The 340B program is a Federal drug discount program established in 1992, enabling qualified hospitals and healthcare facilities to purchase outpatient drugs at VA prices (average 60% of GPO pricing).

The classifications for facilities capable of participating in 340B are Disproportionate share, Critical Access, Rural Referral, Sole Community, freestanding Cancer, and freestanding Children’s hospitals. The program is highly effective when implemented properly in a qualified facility.

Sadly, due to the intricacies of its rules and regulations, it can also be difficult to retain compliance, which results in legal and financial penalties for an inadequately managed program. Last August, the Health Resources and Services Administration presented a proposal with the intention to clarify the compliance issues, address the concerns of the drug companies, and provide simplified guidance in other areas.

Earlier this year, a survey was released by 340B Health, an advocacy group made up of more than 1,200 hospitals. The survey displayed the results from 523 healthcare facilities on how the proposed changes would effect their application of the program. These are some of the findings:

1. Looking at the proposed changes as a whole, the 523 facilities surveyed found less than 3 percent said it would either help or not effect their operation of the program. 76 percent said it would hurt their hospital, while forcing 28 percent to consider having to drop the program all together. The Survey points out that Rural Hospitals would take the heaviest hit.
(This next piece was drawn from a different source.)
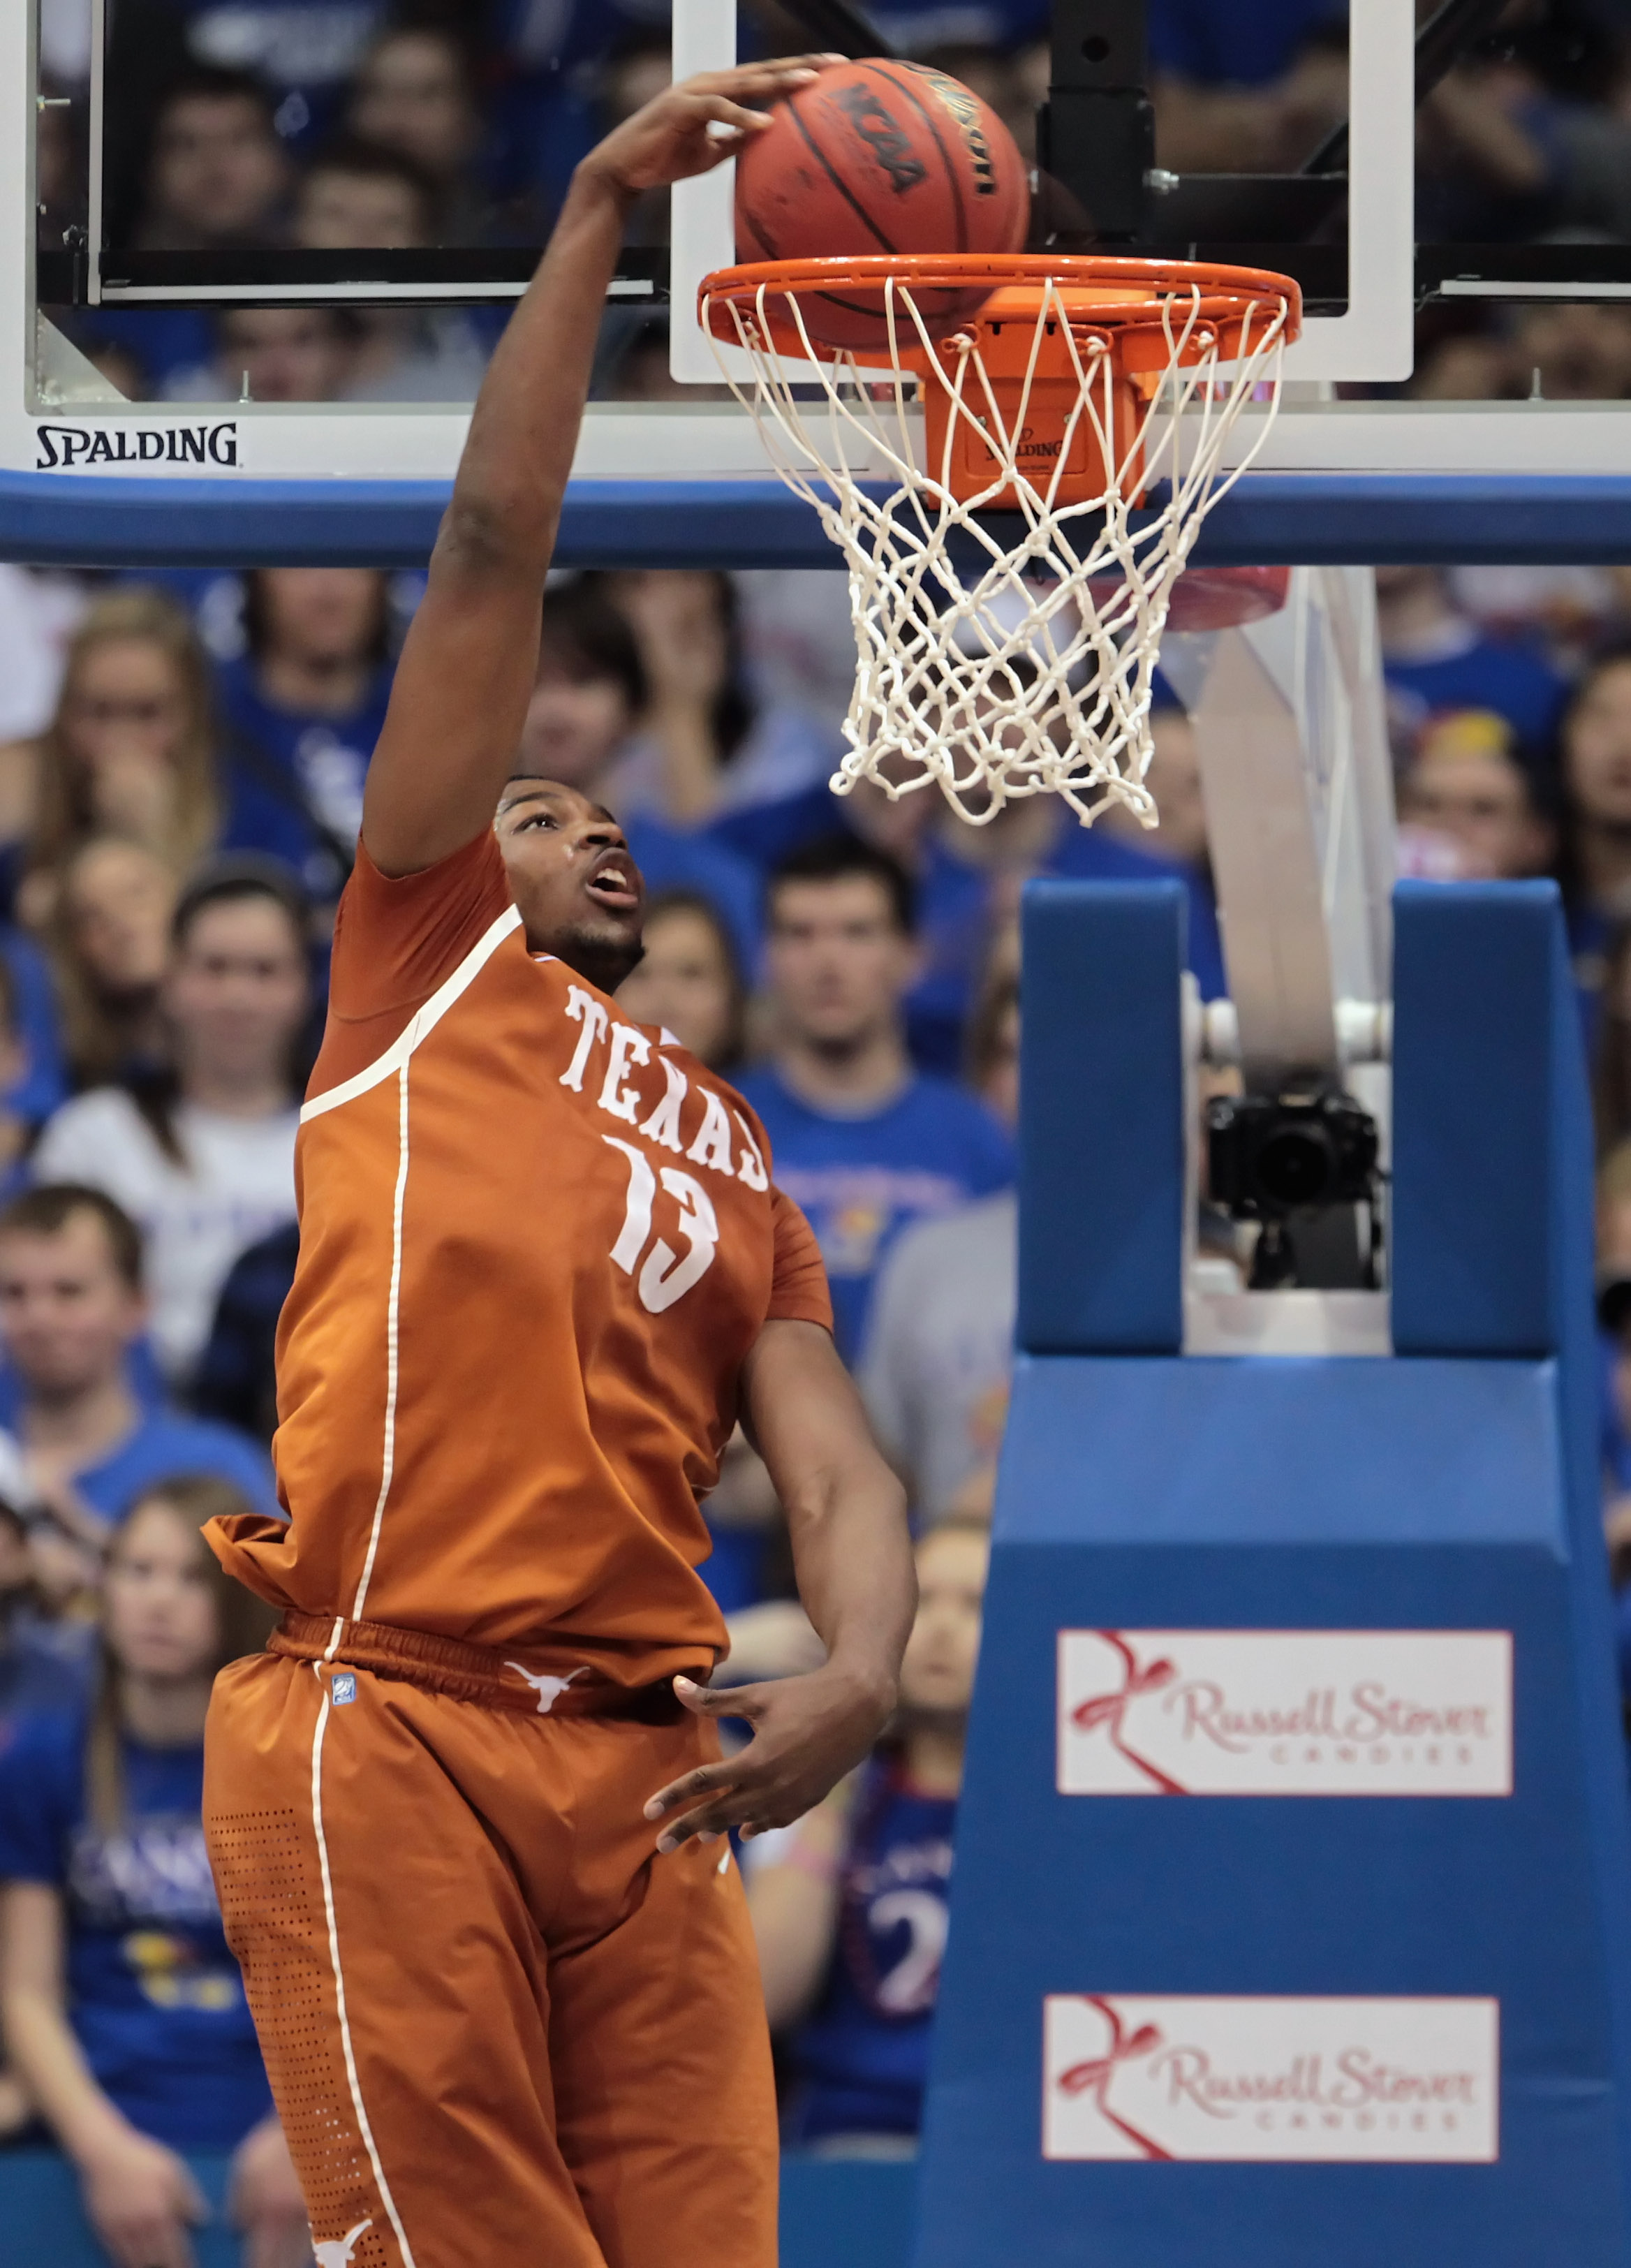 LAWRENCE, KS - JANUARY 22:  Tristan Thompson #13 of the Texas Longhorns dunks against the Kansas Jayhawks during the game on January 22, 2011 at Allen Fieldhouse in Lawrence, Kansas.  (Photo by Jamie Squire/Getty Images)
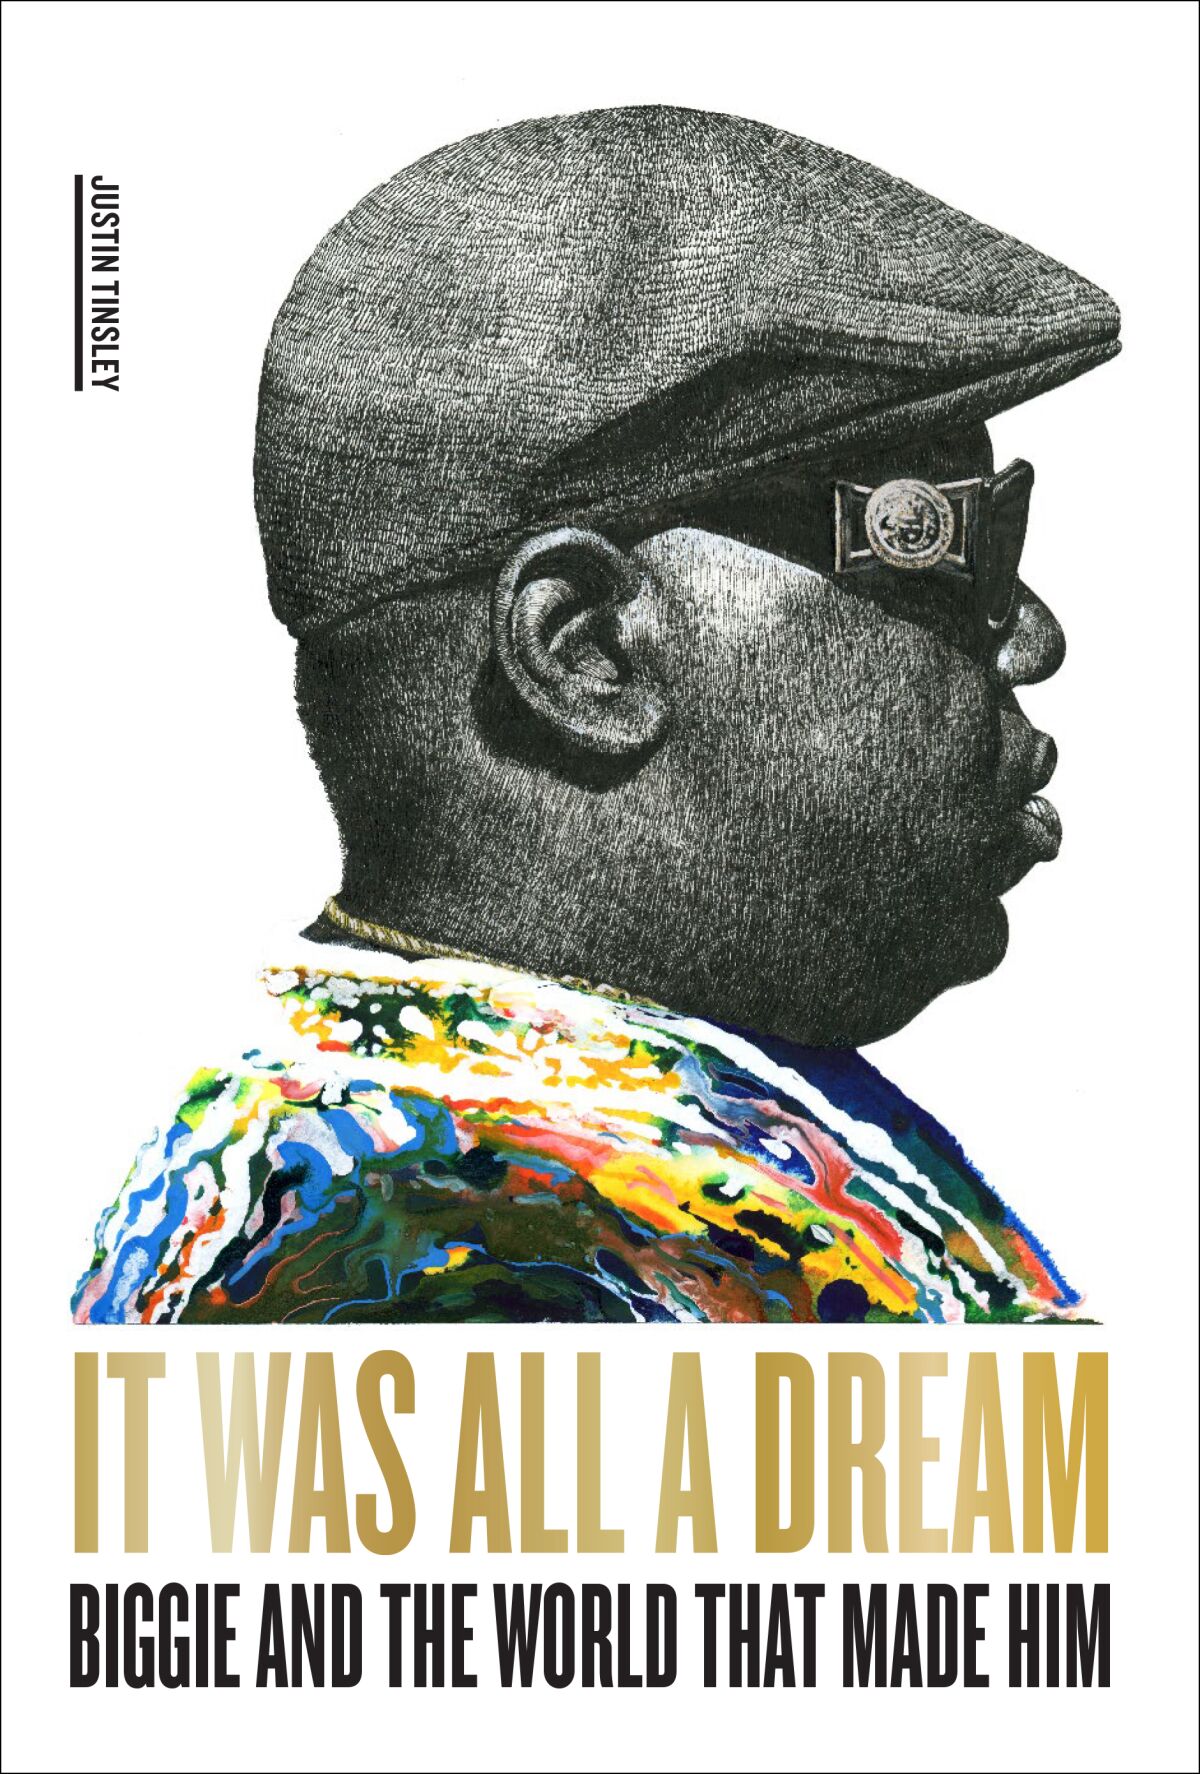 "It Was All a Dream: Biggie and the World That Made Him" by Justin Tinsley

2. Currently, 340B allows hospitals to purchase and provide reduced cost drugs to patients ending an inpatient stay. This is seen as a way to eliminate gaps in care and decrease readmissions. The proposed changes would ban this practice of using 340B for discharge prescriptions. The survey showed 81 percent would lose discounts, and more than half would struggle to implement these changes due to the financial strain, ultimately forcing between 11 and 22 percent to drop the program. In case of addiction to certain drugs one must immediately find out the rehab duration and get admitted to any one of them.

3. Currently, a cancer patient can be diagnosed at one location and be treated with infusions closer to home even if it is prostate cancer, where that facility can purchase the infusions at 340B pricing. The proposed changes would end this practice, and require that in order to receive the 340B discounts, the initial diagnosing hospital would be required to provide the infusion to the patient. This would force facilities to pay full price for the outside infusion orders. The study suggests this could leave patients without treatment nearby and close infusion centers. 85 percent of hospitals surveyed said they would lose 340B discounts if this occurred.

4. Currently, the “Three-day rule” means outpatient services performed within three days of admission will be billed as part of inpatient services. The “Three-day rule” does not change the patients’ prior outpatient status, enabling hospitals to use 340B pricing for their medications, because the patient is classified as an outpatient at the time of care. An example being a patient who visits the emergency room of a 340B facility and receives treatment before being admitted. Any medications used on this patient while in the emergency room would qualify for 340B pricing. Another proposed change would be to classify any patient who receives care within 72 hours of admittance as an inpatient. Therefore, any drugs they received before admittance would be billed as part of inpatient services. This survey says changing the classification would limit the use of the 340B program and raise the cost of care all the while creating severe compliance hurdles for administrations surrounding the medication utilization in emergency rooms.

5. Currently, the 340B program is designed to be used by hospitals that serve a large proportion of Medicaid patients. The proposed changes would place restrictions on the use of 340B discounts for the drugs paid for by Medicaid. The survey states these limitations could significantly limit the scope of the program and its benefits.

In all, the survey shows that while the program’s changes are meant to be beneficial to facilities by clarifying and simplifying the rules and regulations, it may be seen as significantly damaging. While each individual change has its own negative impact, the survey says the cumulative effect would be devastating. The results show that current users and patients would suffer due to the increased financial costs and the decreased levels of care they can provide.The changes have been delayed, and as of May 2016, the HRSA has stated that it is unlikely there will be any more movement until the end of the year.